:: WHAT IS EXPECTED ::
Output the full listing below exactly as it reads, and skip anything that is a picture.

:: COLLECTED MATERIAL ::
..........
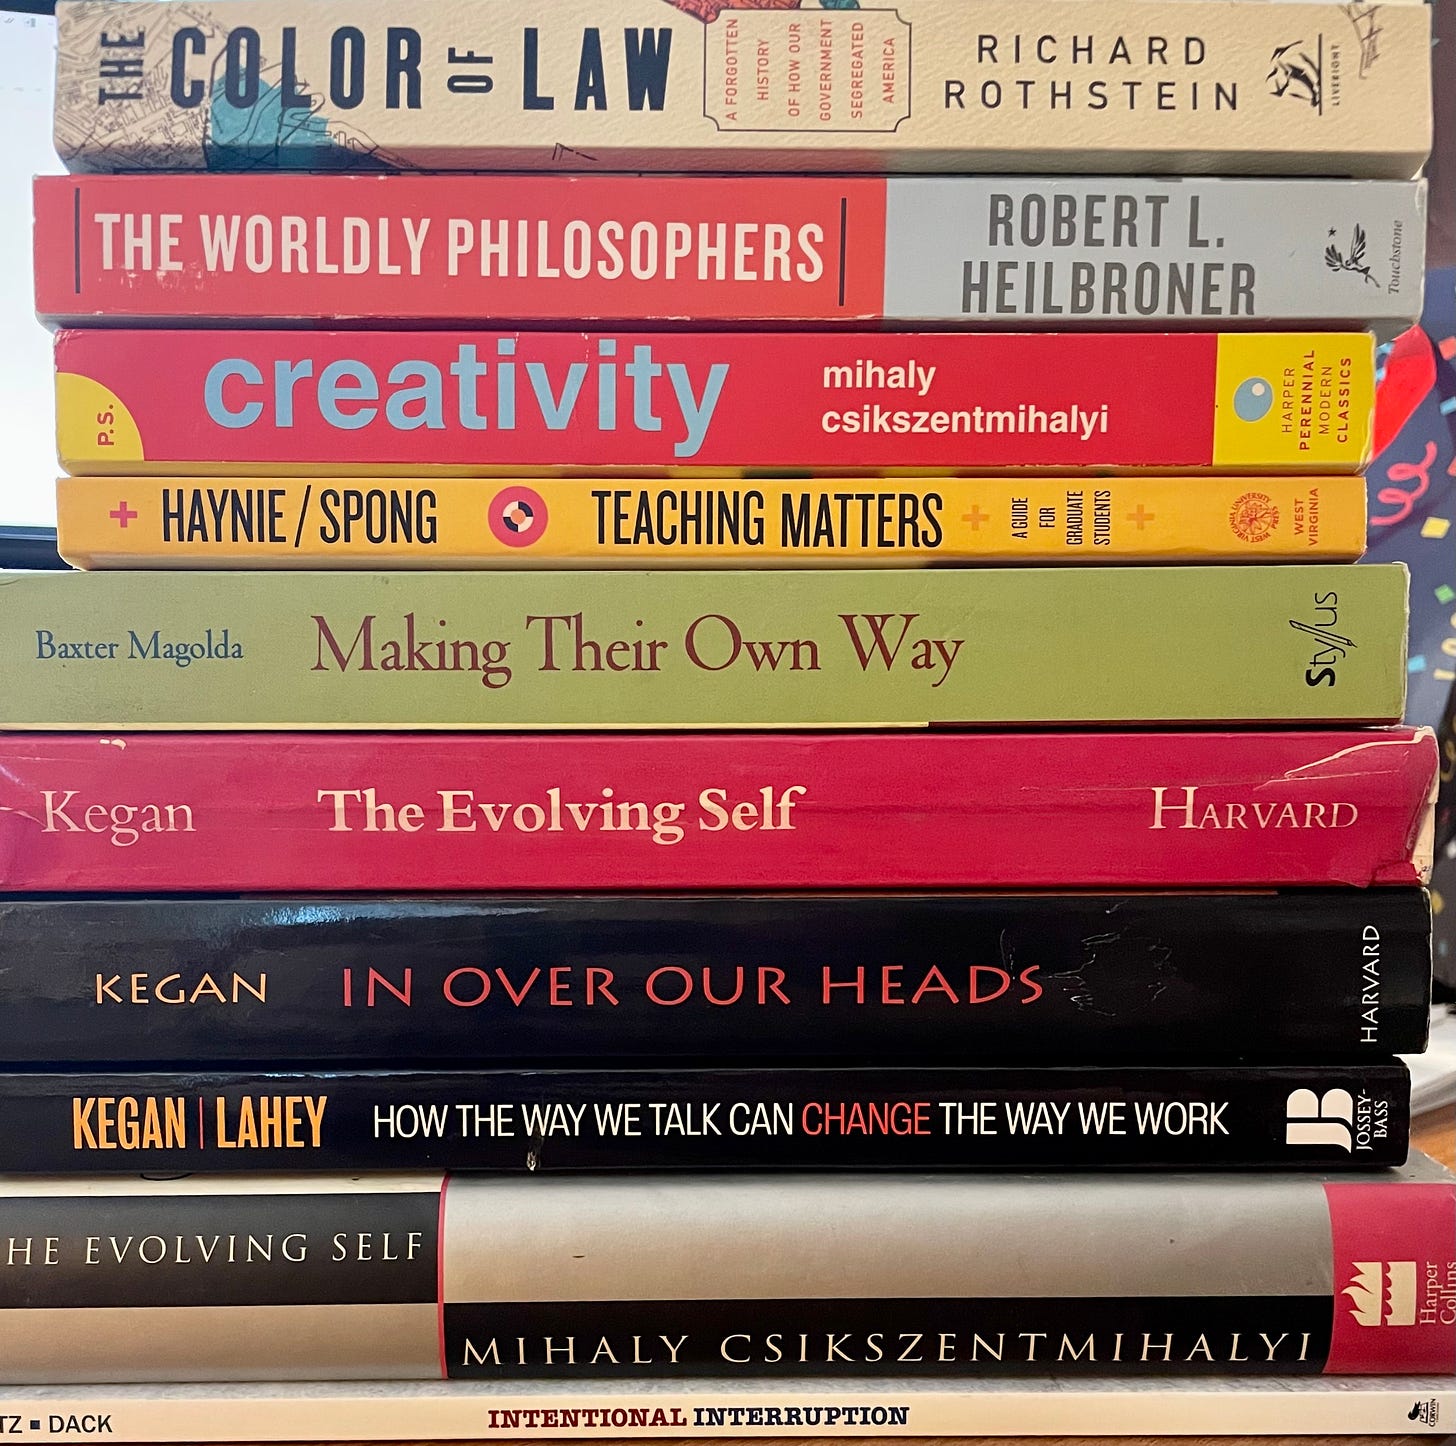 image of book spines; titles are the color of law, the worldly philosopers, creativity, making their own way, the evolving self by kegan, in over our heads, how we talk can change the way we work, the evolving self by czikszentmihalyi, intentional interruption
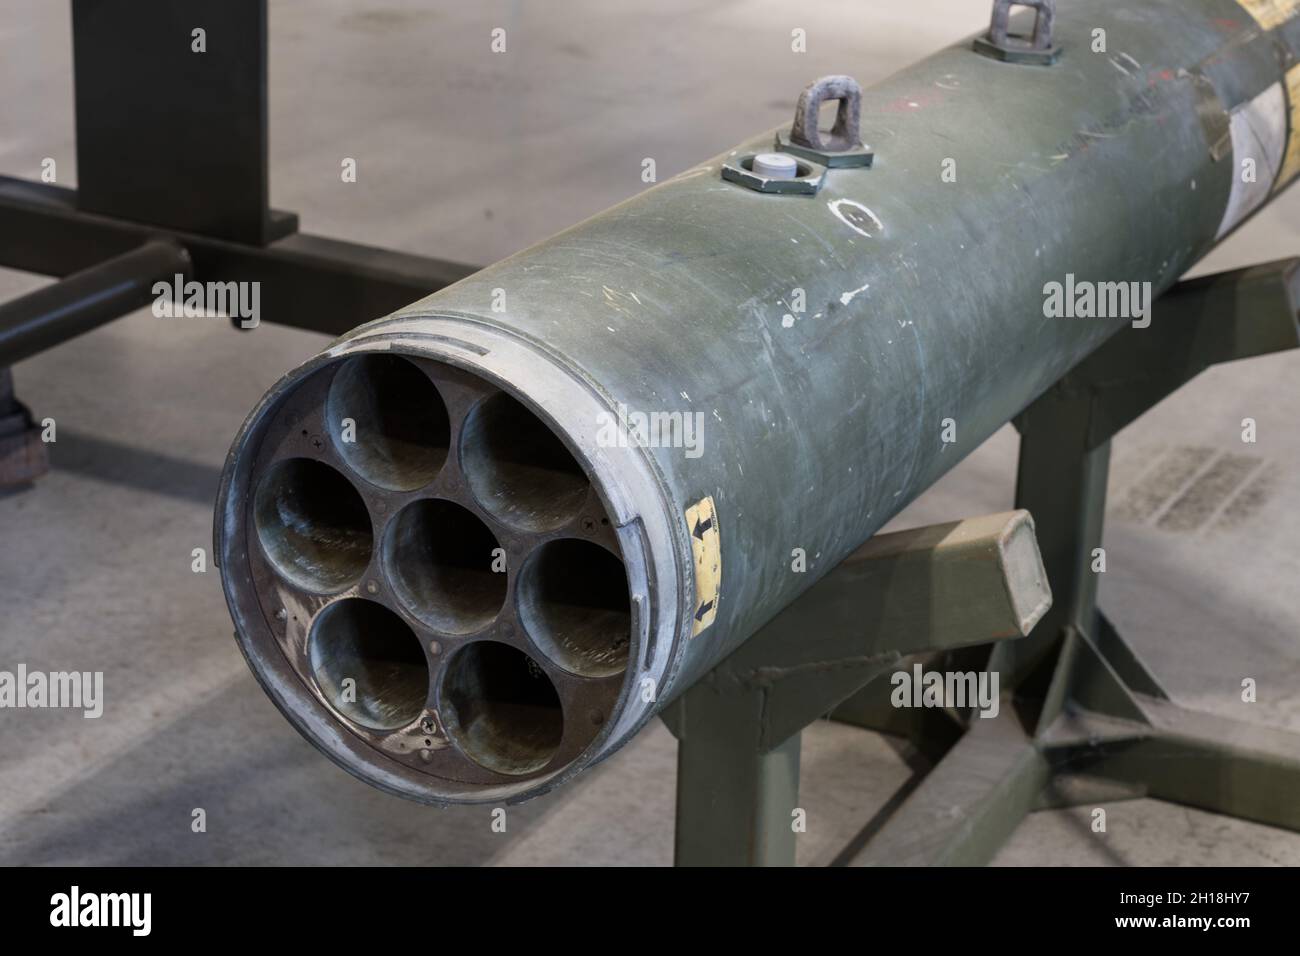 An LAU-131/A rocket launcher carried seven 2.75: unguided rockets and was used on a variety of U.S. military aircraft. Stock Photo
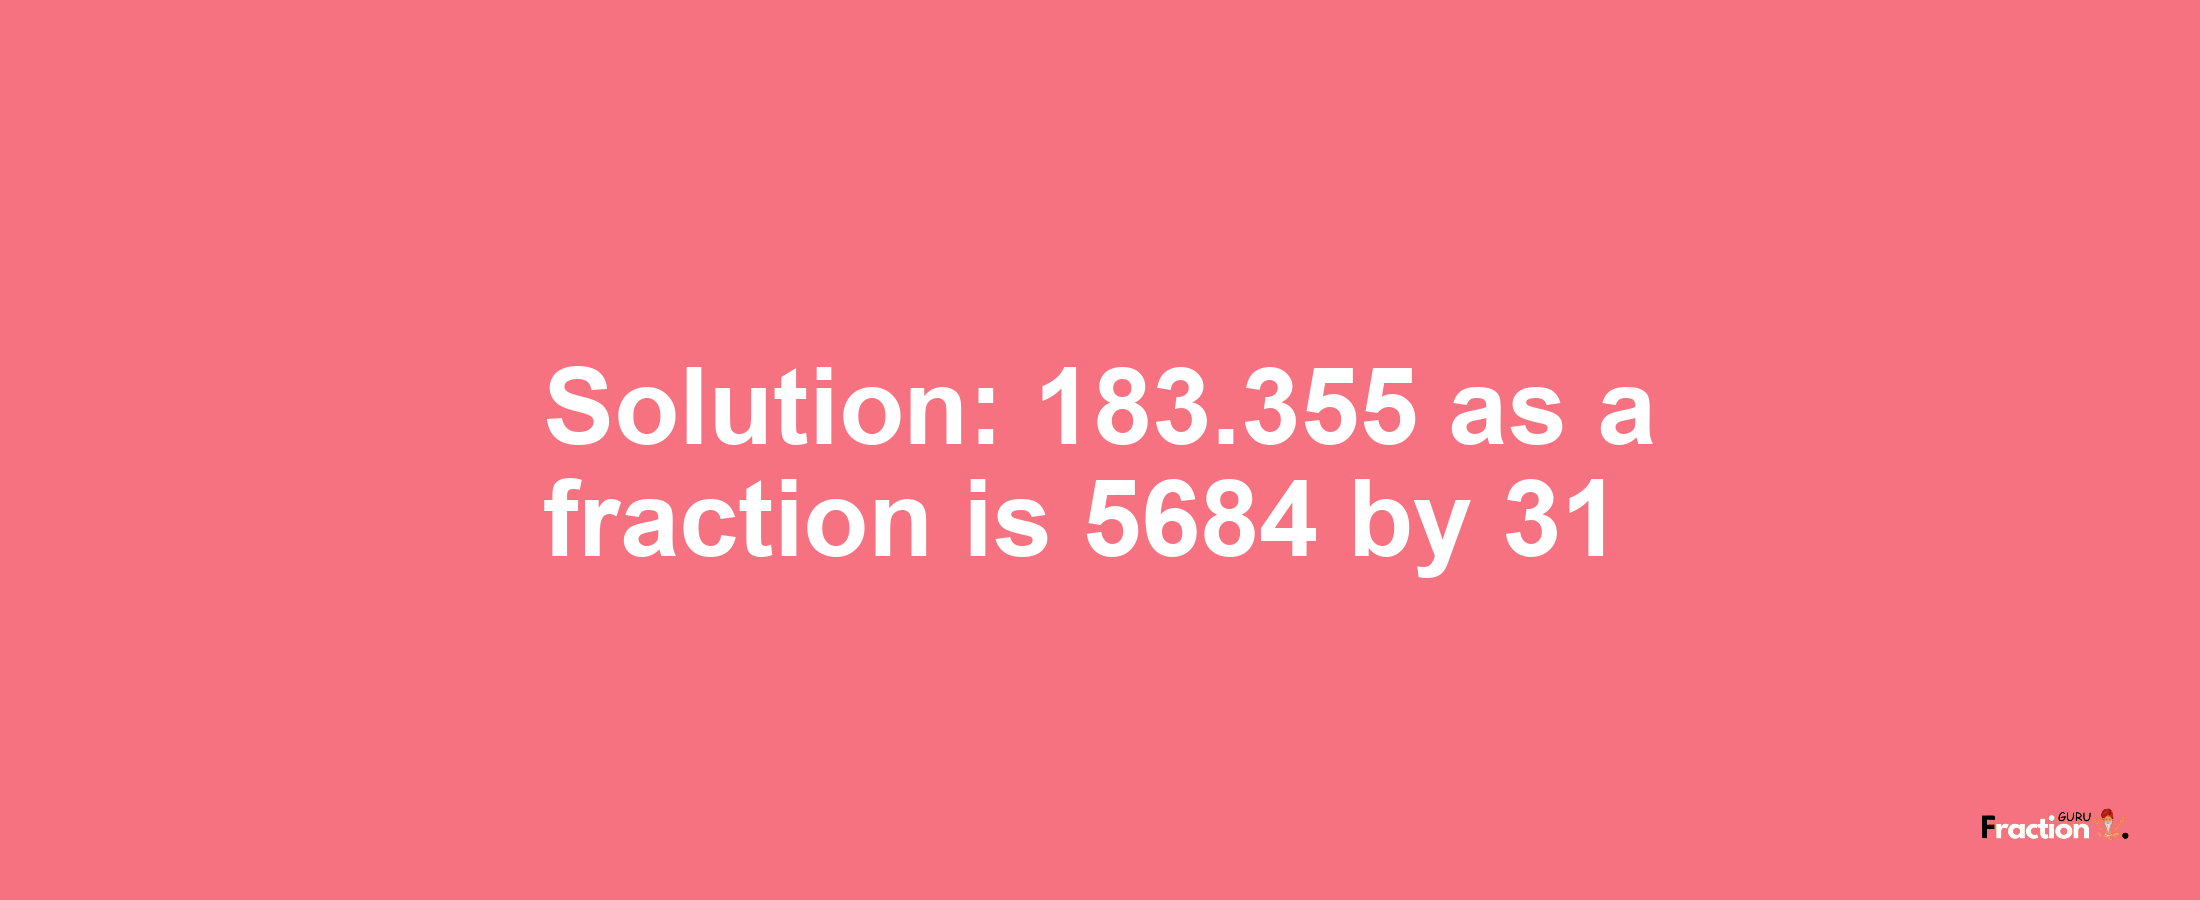 Solution:183.355 as a fraction is 5684/31
..........
:: PROBLEM SOLUTION ::
 image of book spines; titles are the color of law, the worldly philosopers, creativity, making their own way, the evolving self by kegan, in over our heads, how we talk can change the way we work, the evolving self by czikszentmihalyi, intentional interruption
 An LAU-131/A rocket launcher carried seven 2.75: unguided rockets and was used on a variety of U.S. military aircraft. Stock Photo
 Solution:183.355 as a fraction is 5684/31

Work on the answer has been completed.